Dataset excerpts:
BEGIN

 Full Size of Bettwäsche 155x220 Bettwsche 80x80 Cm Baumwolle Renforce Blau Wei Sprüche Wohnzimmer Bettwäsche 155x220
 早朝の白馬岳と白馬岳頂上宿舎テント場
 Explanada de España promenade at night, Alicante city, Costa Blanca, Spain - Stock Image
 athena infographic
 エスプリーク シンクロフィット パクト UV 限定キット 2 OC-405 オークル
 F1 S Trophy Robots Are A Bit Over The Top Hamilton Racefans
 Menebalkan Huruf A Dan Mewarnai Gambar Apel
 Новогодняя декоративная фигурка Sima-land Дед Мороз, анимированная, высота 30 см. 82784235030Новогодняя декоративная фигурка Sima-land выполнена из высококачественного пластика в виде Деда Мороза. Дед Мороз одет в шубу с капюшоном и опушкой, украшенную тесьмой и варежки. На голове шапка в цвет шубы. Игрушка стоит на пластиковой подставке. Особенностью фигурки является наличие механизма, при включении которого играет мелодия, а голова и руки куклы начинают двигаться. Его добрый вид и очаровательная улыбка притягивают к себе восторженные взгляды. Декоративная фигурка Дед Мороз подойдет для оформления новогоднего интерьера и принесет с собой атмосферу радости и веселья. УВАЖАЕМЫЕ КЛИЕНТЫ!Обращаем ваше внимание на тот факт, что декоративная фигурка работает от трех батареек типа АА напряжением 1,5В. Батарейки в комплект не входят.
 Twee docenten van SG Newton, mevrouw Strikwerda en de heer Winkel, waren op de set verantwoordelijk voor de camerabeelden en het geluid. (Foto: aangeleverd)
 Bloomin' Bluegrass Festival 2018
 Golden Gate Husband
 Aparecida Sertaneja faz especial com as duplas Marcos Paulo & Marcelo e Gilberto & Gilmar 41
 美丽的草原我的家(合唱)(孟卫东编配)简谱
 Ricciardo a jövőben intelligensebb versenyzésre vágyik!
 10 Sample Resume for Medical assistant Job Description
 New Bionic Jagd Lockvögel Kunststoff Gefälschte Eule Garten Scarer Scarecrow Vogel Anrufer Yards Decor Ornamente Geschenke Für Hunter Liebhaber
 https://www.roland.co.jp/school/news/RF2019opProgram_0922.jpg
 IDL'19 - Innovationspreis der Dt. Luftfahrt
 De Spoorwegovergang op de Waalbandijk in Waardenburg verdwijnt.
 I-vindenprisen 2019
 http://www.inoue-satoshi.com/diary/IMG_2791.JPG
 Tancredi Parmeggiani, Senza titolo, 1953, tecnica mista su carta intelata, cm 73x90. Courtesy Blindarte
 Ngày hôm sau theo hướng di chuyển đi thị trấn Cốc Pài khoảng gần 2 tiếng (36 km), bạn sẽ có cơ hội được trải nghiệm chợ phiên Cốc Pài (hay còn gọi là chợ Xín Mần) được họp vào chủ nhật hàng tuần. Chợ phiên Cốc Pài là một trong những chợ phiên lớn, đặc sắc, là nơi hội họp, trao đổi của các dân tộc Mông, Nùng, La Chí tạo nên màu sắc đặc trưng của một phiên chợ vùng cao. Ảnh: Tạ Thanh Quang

END

What you are asked to do: Output only an exact transcription of the lines above from the one with "エスプリーク シンクロフィット パクト UV 限定キット 2 OC-405 オークル" up to and including the one with "10 Sample Resume".

Reply:
 エスプリーク シンクロフィット パクト UV 限定キット 2 OC-405 オークル
 F1 S Trophy Robots Are A Bit Over The Top Hamilton Racefans
 Menebalkan Huruf A Dan Mewarnai Gambar Apel
 Новогодняя декоративная фигурка Sima-land Дед Мороз, анимированная, высота 30 см. 82784235030Новогодняя декоративная фигурка Sima-land выполнена из высококачественного пластика в виде Деда Мороза. Дед Мороз одет в шубу с капюшоном и опушкой, украшенную тесьмой и варежки. На голове шапка в цвет шубы. Игрушка стоит на пластиковой подставке. Особенностью фигурки является наличие механизма, при включении которого играет мелодия, а голова и руки куклы начинают двигаться. Его добрый вид и очаровательная улыбка притягивают к себе восторженные взгляды. Декоративная фигурка Дед Мороз подойдет для оформления новогоднего интерьера и принесет с собой атмосферу радости и веселья. УВАЖАЕМЫЕ КЛИЕНТЫ!Обращаем ваше внимание на тот факт, что декоративная фигурка работает от трех батареек типа АА напряжением 1,5В. Батарейки в комплект не входят.
 Twee docenten van SG Newton, mevrouw Strikwerda en de heer Winkel, waren op de set verantwoordelijk voor de camerabeelden en het geluid. (Foto: aangeleverd)
 Bloomin' Bluegrass Festival 2018
 Golden Gate Husband
 Aparecida Sertaneja faz especial com as duplas Marcos Paulo & Marcelo e Gilberto & Gilmar 41
 美丽的草原我的家(合唱)(孟卫东编配)简谱
 Ricciardo a jövőben intelligensebb versenyzésre vágyik!
 10 Sample Resume for Medical assistant Job Description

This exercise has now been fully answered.